Dans son rapport du 8 juillet 2019, la Cour des comptes restitue les travaux de son enquête. Elle y déplore de ne pas pouvoir pu évaluer l’impact scolaire des techniques numériques sur les résultats des élèves. Le rapport souligne par ailleurs que « l’évaluation des pratiques des enseignants et des effets sur les résultats des élèves est restreinte et tardive, dans un contexte de grande disparité du déploiement des moyens et des usages numériques ».
Un effort financier significatif depuis le vote de la loi de 2013.
« Les investissements publics en faveur du numérique éducatif ont beaucoup progressé sous l’action conjuguée des trois niveaux de collectivités, pour 2 milliards d’euros de 2013 à 2017, et de l’État, pour 300 millions d’euros sur la même période, alors que son engagement initial était annoncé à hauteur d’1 milliard d’euros ». L’effort dans ce secteur à été majoritairement porté par les départements : en effet, la dépense numérique pour les collèges a connu une augmentation de 53 % en cinq ans, atteignant un montant cumulé de 860 millions d’euros. Les communes et les écoles rurales y ont consacré 383 millions d’euros, soit une progression de dépenses de 135 %. Impliquées de plus longue date dans ces investissements, les régions, à travers l’équipement numérique des lycées notamment, portent un effort cumulé de 848 millions d’euros, soit une progression plus modérée de 21 % sur cette même période. Au delà de l’effort financier, le rapport déplore la méthode peu sélective des projets et des structures soutenus, « fondée sur le financement d’équipements individuels (pour les deux tiers des crédits de l’État) dans une logique d’appels à projet (…) qui s’est de fait traduite par une politique de guichet peu sélective ».

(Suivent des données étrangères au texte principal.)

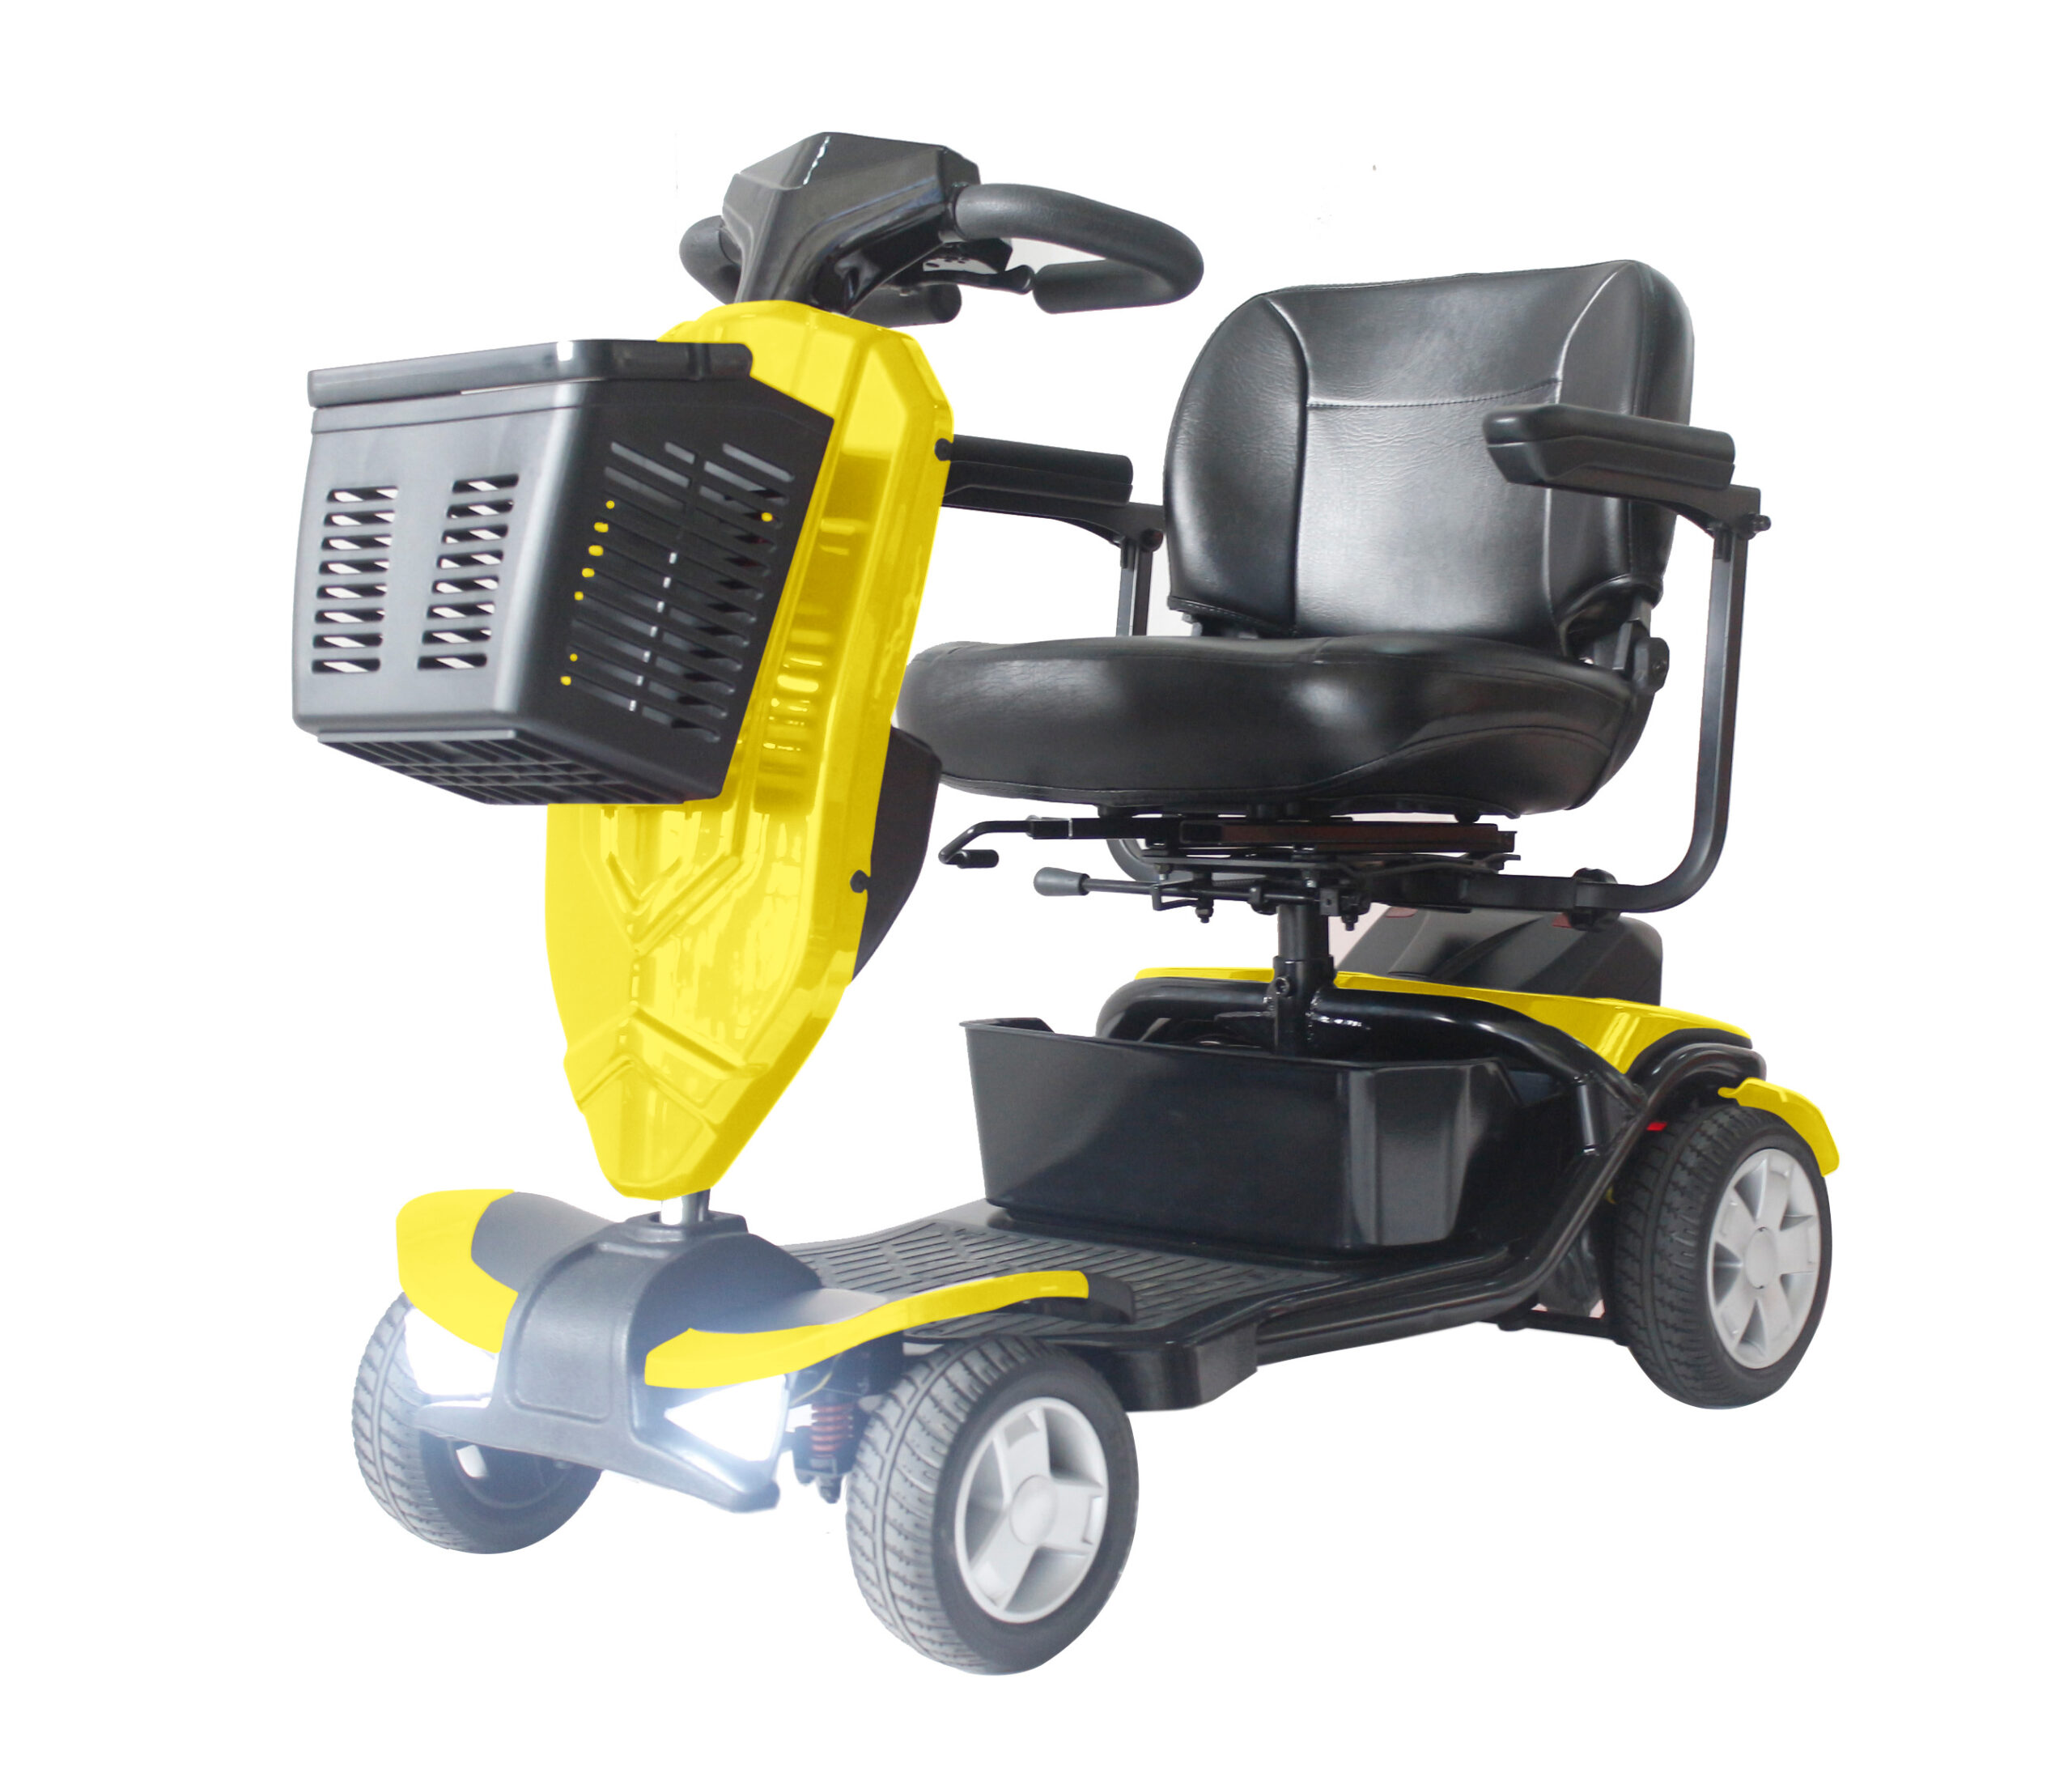 Top Gun Tranzforma Power Chair & Mobility Scooter | Mobility
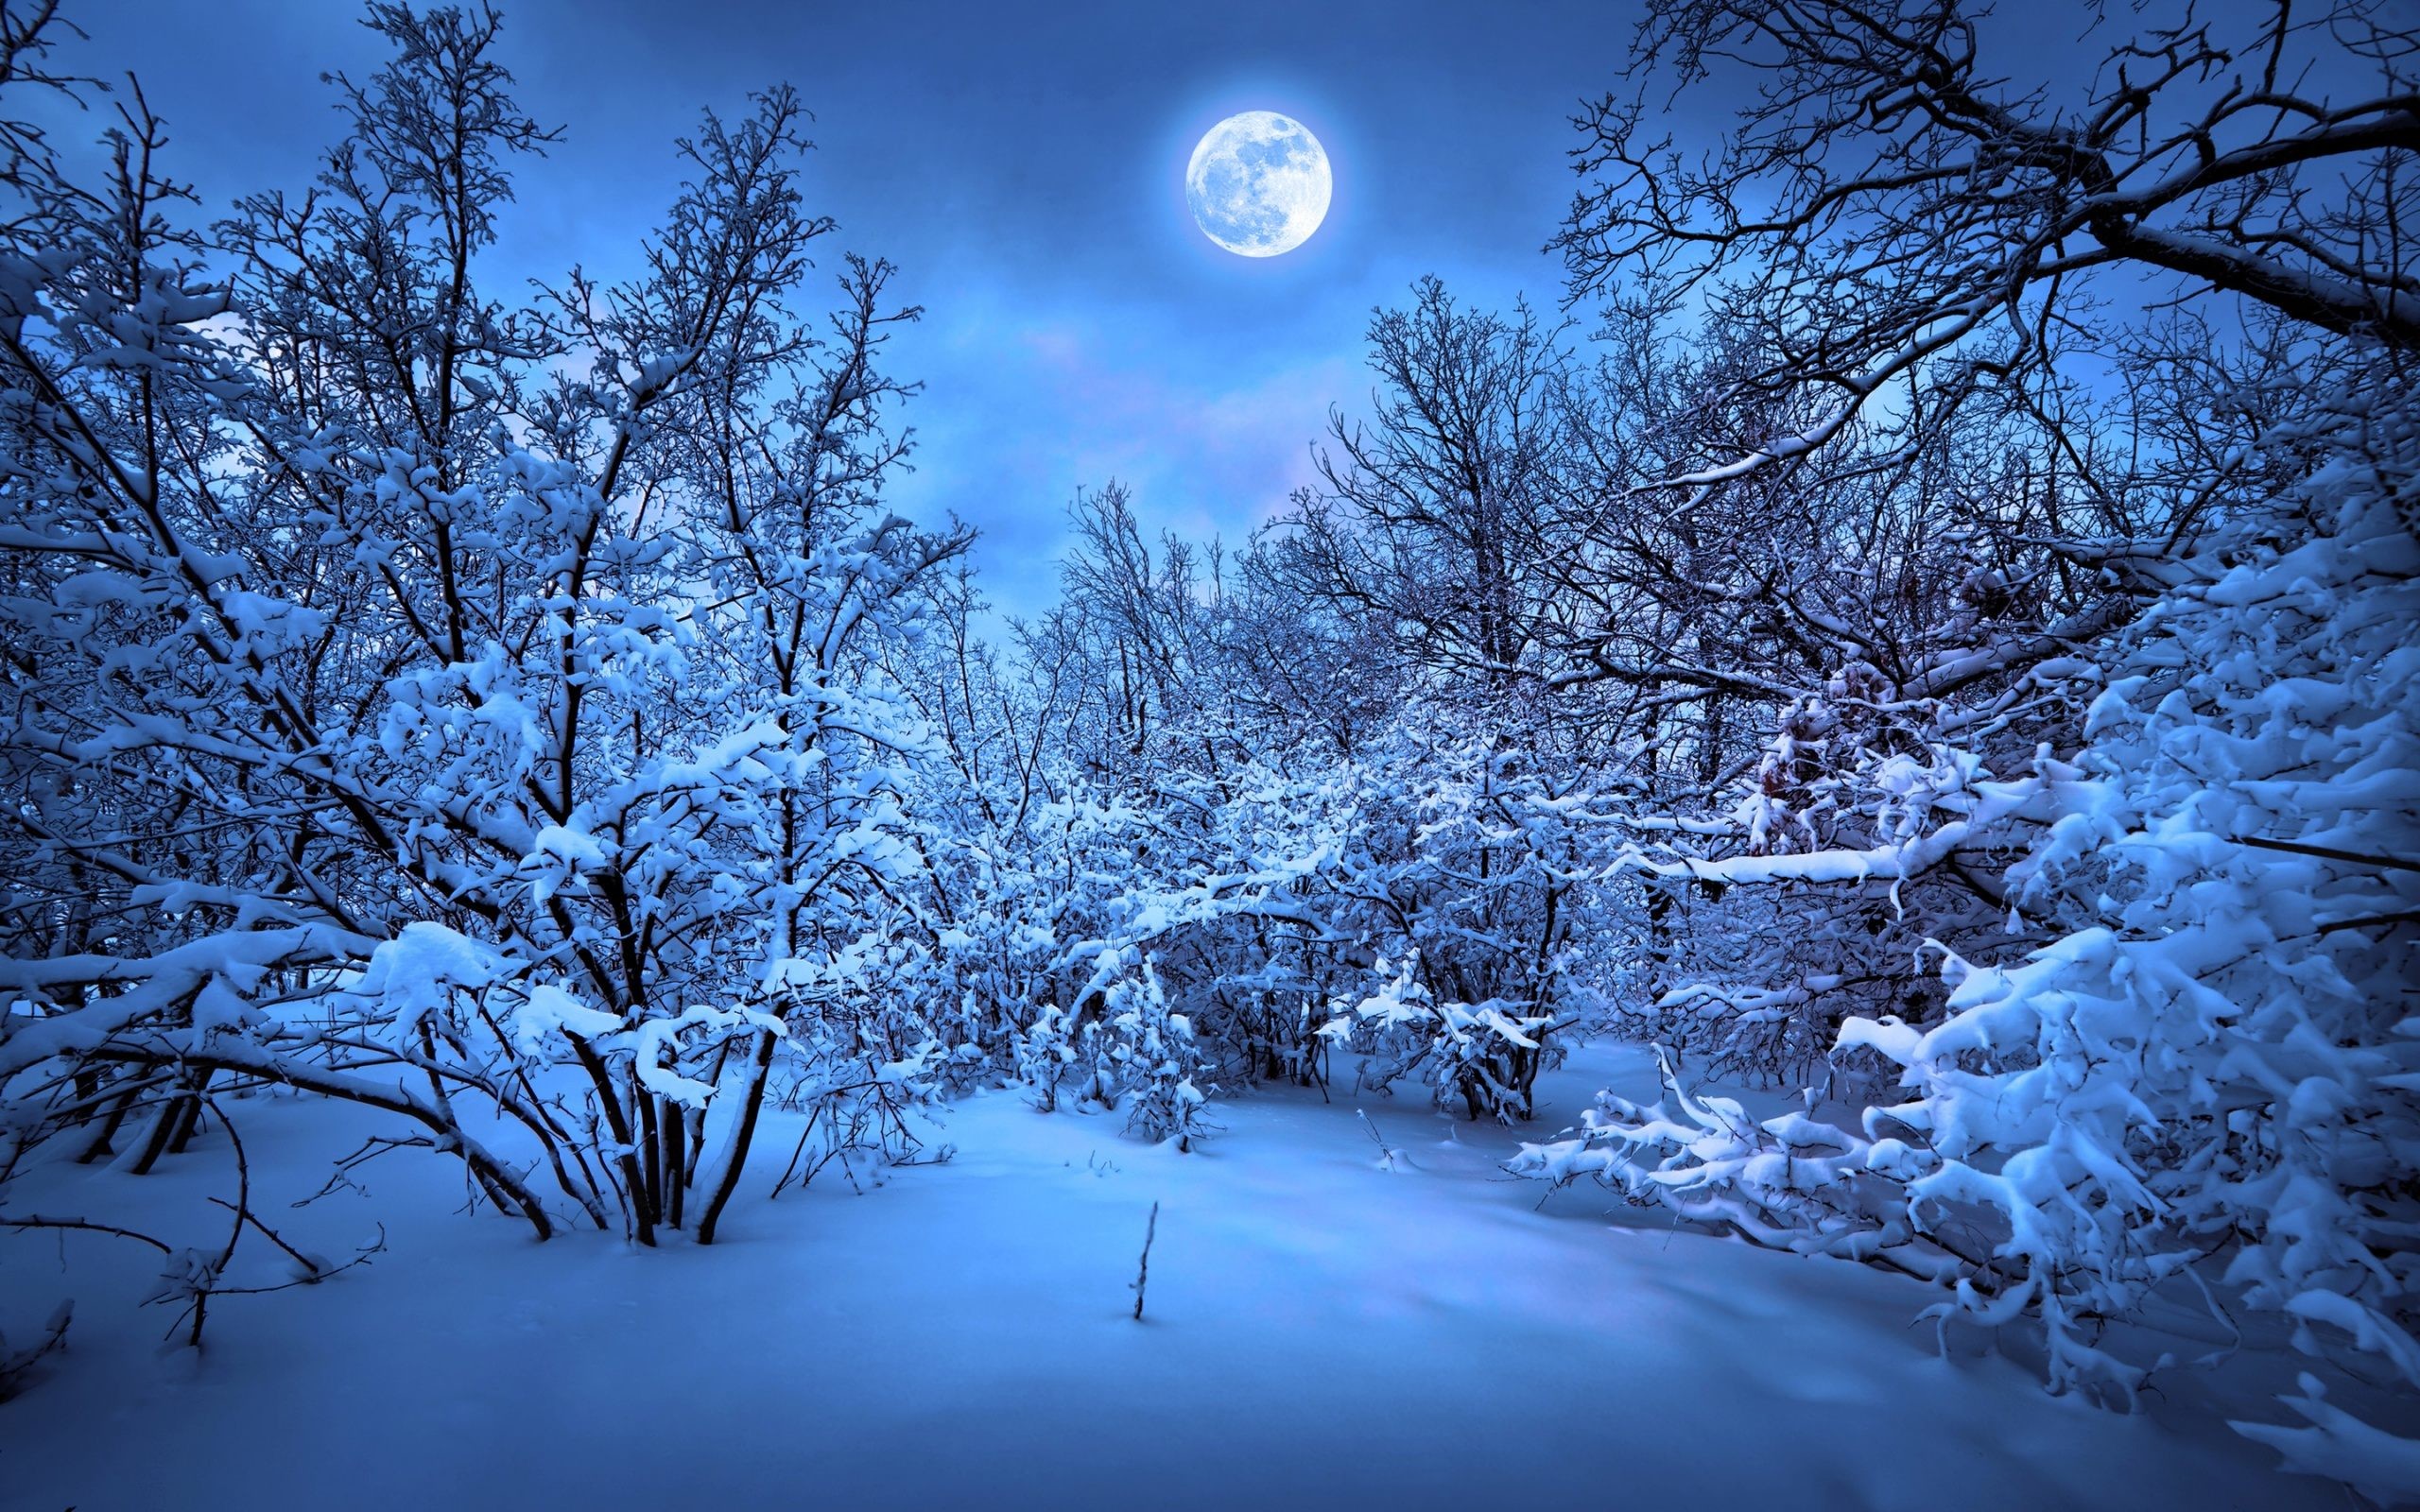 Romantic Winter Wallpaper Images with High Resolution Wallpaper

Un service public sans objectifs clairs.
Le service public du numérique éducatif souffre d’un décalage profond entre des investissements conséquents, et des équipements encore limités dans des structures qui ne bénéficient pas, dans certains cas, de connexion internet efficace : « si les investissements publics en faveur du numérique éducatif ont beaucoup progressé durant la période 2013-2017, les conditions de déploiement d’un « service public du numérique éducatif » sont loin d’être toujours réunies : la connexion des écoles et des établissements est encore insuffisante et dans bien des cas, inexistante ; de fortes inégalités d’équipement des classes et des élèves demeurent entre les territoires ». De la même façon, détourner ou réduire une politique éducative s’appuyant sur le numérique, à la distribution de tablettes individuelles aux écoliers, s’est rapidement prouvé inefficace : « (…) la priorité a été donnée, (…) au financement d’équipements mobiles individuels, transformant cette action en « plan tablettes » (…) s’est vite avérée une politique dépassée et inutilement coûteuse ».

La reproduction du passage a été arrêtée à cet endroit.